Tightening up branch releases

Michael Connor

unread,

Oct 13, 2008, 2:57:50 PM10/13/08

to dev-pl...@lists.mozilla.org

In an effort to improve our stability and security release process,
there is a proposal to make some significant changes in how we drive
and ship releases on stable branches. The primary goals are to
improve quality and reduce the number of release candidates needed to
ship these releases. We have discussed this directly with key release
drivers and QA leads, as well as the Wednesday product delivery
meeting, and the response has been generally quite positive.

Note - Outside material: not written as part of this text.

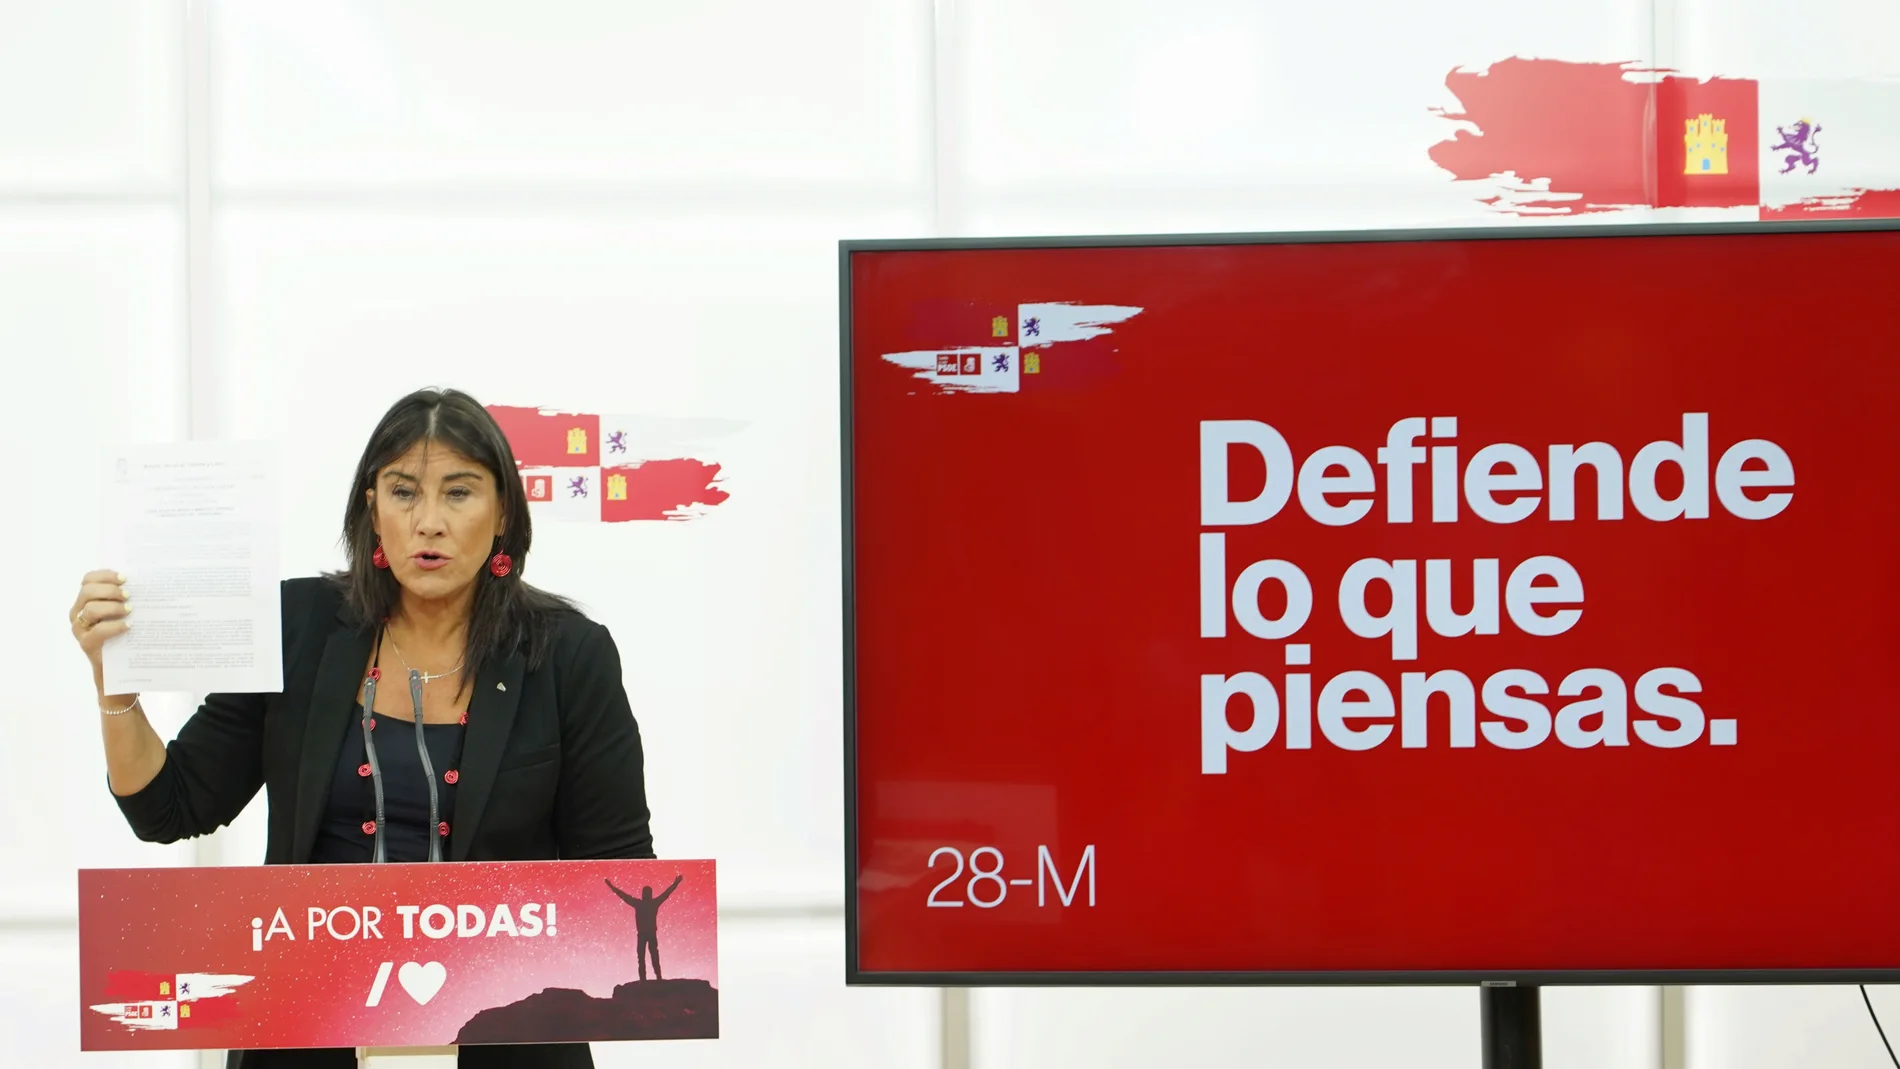 La secretaria de organización del PSOE de Castilla y León, Ana Sánchez, presenta la campaña del 28-M

Now
we're bringing that proposal to dev-planning to get wider feedback
before finalizing the new setup.

The high-level elements of the plan are:

1) Aggressively mitigate risk by setting a much higher bar for patch
acceptance on the branch.
2) Ship more frequently (typically four or five weeks) with smaller
scope for each release.
3) Change the structure of the release cycle to create more time for
QA to verify and analyze fixes and test plans

The full details are at: https://wiki.mozilla.org/User:Mconnor/SecurityUpdates

Please feel free to either comment here or ask questions at
Wednesday's product delivery meeting.

-- Mike

Boris Zbarsky

unread,

Oct 13, 2008, 3:11:49 PM10/13/08

to

Michael Connor wrote:
> The full details are at:
> https://wiki.mozilla.org/User:Mconnor/SecurityUpdates

This looks like a pretty good plan overall, but I have a few concerns:

1) Under this plan major-release regressions need explicit approval to
land on the branch, right? How does one request said approval?

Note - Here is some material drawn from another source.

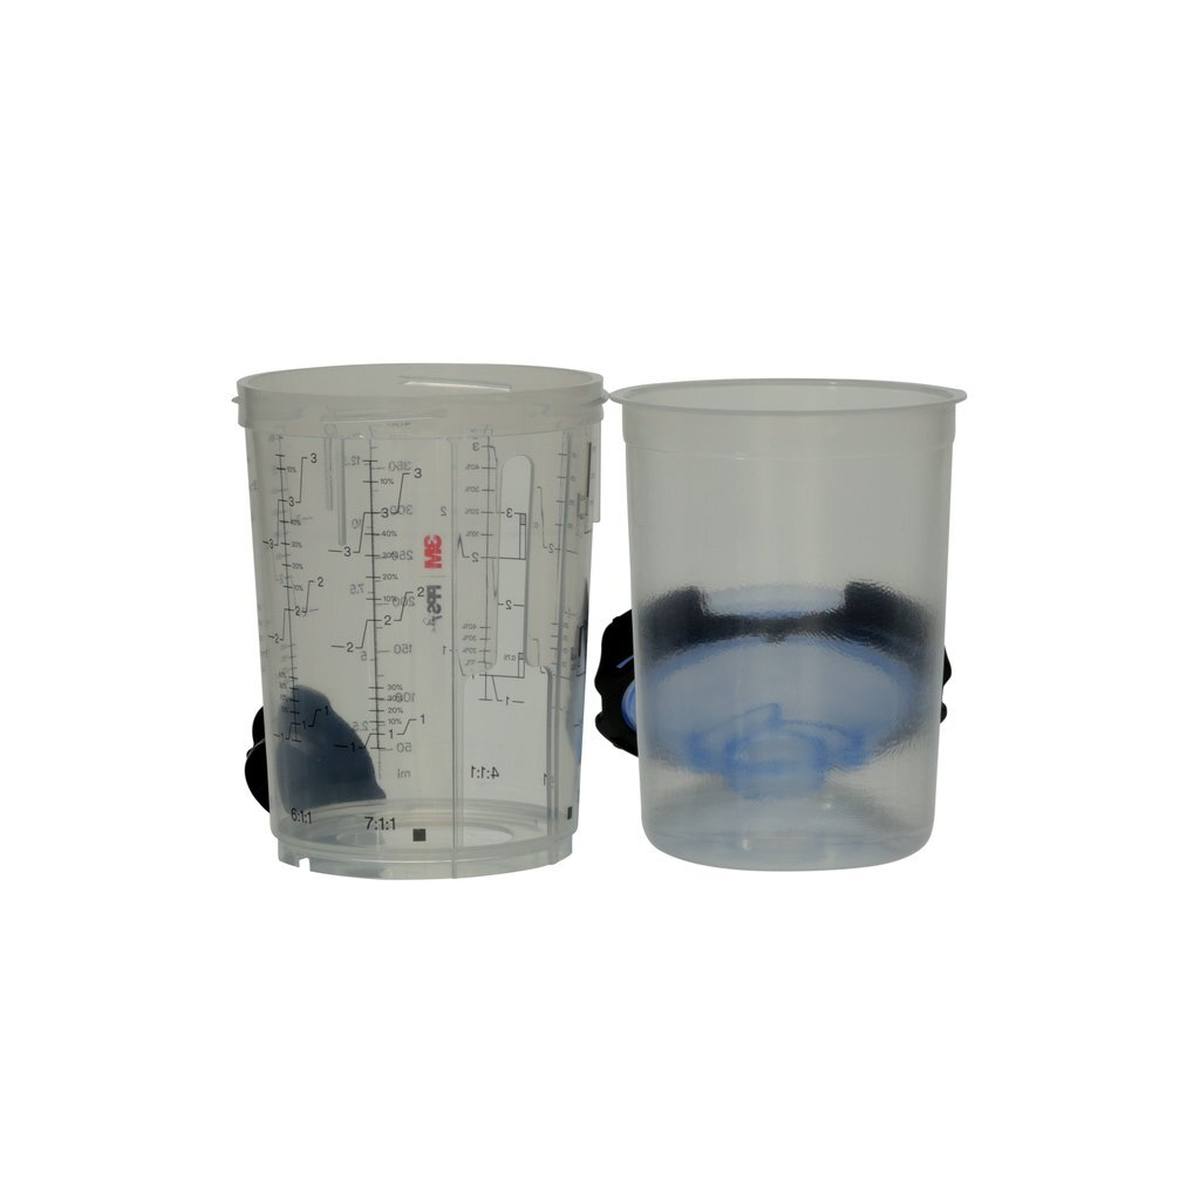 3M PPS Juego Serie 2.0, mediano, 400 ml, filtro de 125Î¼, 50 vasos interiores / 50 tapas / 32 tapones / 1 vaso exterior, 26312

2) Historically, we haven't even started triaging branch
blocker/approval stuff until a week or so after shipping the previous
branch release (at least as far as I could tell from my bugmail),
because the branch drivers were all burned out from releasing. Do we
expect that to change now, in that they will be able to start triaging
the next release before the current one ships? Ideally, we would start
triaging the next release immediately upon freezing and handoff to QA,
so that when we reopen for checkins there is no idle time. It might be
even be good to reopen before QA signoff, if we relbranch earlier. That
should also prevent the "rush to checkin" issue we have right now.

-Boris

Michael Connor

unread,

Oct 13, 2008, 3:24:32 PM10/13/08

to Boris Zbarsky, dev-pl...@lists.mozilla.org

On 13-Oct-08, at 3:11 PM, Boris Zbarsky wrote:

> Michael Connor wrote:
>> The full details are at: https://wiki.mozilla.org/User:Mconnor/SecurityUpdates
>
> This looks like a pretty good plan overall, but I have a few concerns:
>
> 1) Under this plan major-release regressions need explicit approval
> to land on the branch, right? How does one request said approval?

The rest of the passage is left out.